Но моя подружка   Танька не такой человек, чтобы прозябать  на мешках с мукой и париться у горячей плиты. Она быстро освоилась в новом городе и завела дружбу с мальчиком, студентом одного из техникумов. Славик был маленького роста, щупленький, но чистенький, ухоженный, и очень вежливый. Рядом с дородной Танькой он казался младшим братиком. Мало того, он так влюбился в Таньку, что захотел на ней жениться и пригласил нас, на седьмое ноября к себе домой, чтобы познакомить с родителями.

Мы с Танькой жили на съемной квартире, в чулане, куда углом выходила печка, занимавшая всю середину спальни, если можно  чулан спальней назвать. Вдоль двух свободных стен  наша хозяйка, Анна Михайловна, соорудила дощатые полати. Располагались они во всю длину стеночек буквой «Г», но всё равно были коротки. Получалось так, что, когда мы с Танькой ложились спать, то головами упирались в противоположные стены, а ноги наши «здоровались».  Мы, конечно,  поджимали их, чтобы во сне не запинать друг друга. 

В коридорчике напротив  лаза в наш закуток стоял маленький столик. На нём уложились наши тетрадки и учебники. В комнату хозяйки нам заходить  было не велено.  Но мы не привередничали, нас всё устраивало, тем более, что мы приходили чаще всего домой только спать.
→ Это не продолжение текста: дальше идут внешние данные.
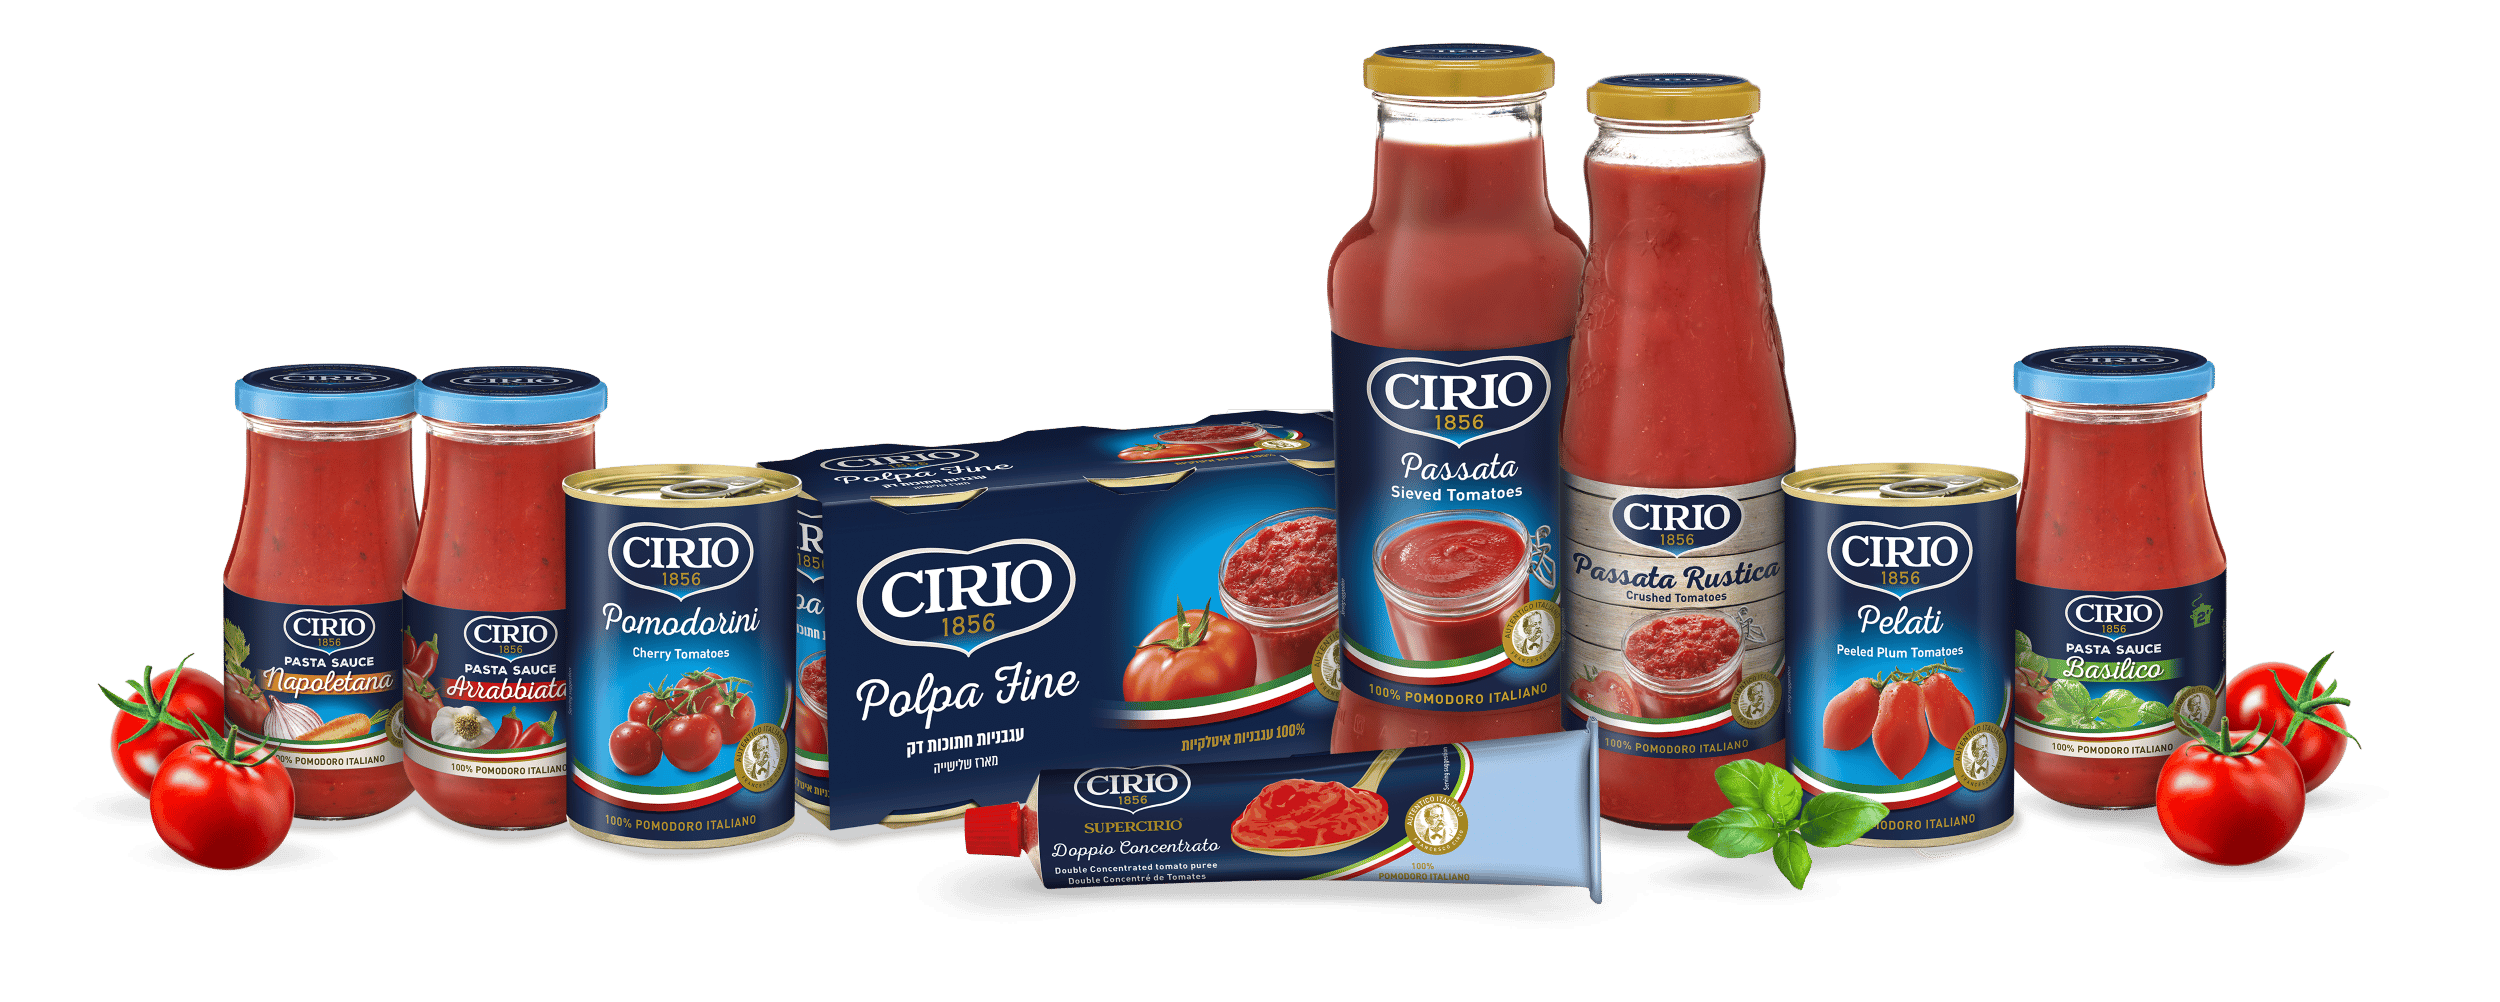 צ'יריו – מותג רטבי עגבניות איכותי איטלקי, משווק על ידי דיפלומט. צילום יחצ חול

И вот однажды, когда я  сидела дома, увлеченно читая учебник товароведения, в дом влетела Танька. На ходу, стряхивая снег с сапожек, она полушепотом, чтобы не разбудить хозяйку, зашептала мне в ухо:
- Ой, чё же делать? Ой!!
Не зря мы в группе называли её Танька – паника. Вот и тут она округленными глазами и прерывистым дыханием  давала понять, что произошло что-то из ряда вон.
-  Ирк, понимаешь, у Славика отец военный комиссар города. А мать нигде не работает. Понимаешь!?
-  Ну и что? – не понимала я причины Танькиной паники.
-  Что, что… Они передали нам приглашение на праздник. Домой к себе приглашают. А мы не умеем ножом и вилкой есть. Поняла!?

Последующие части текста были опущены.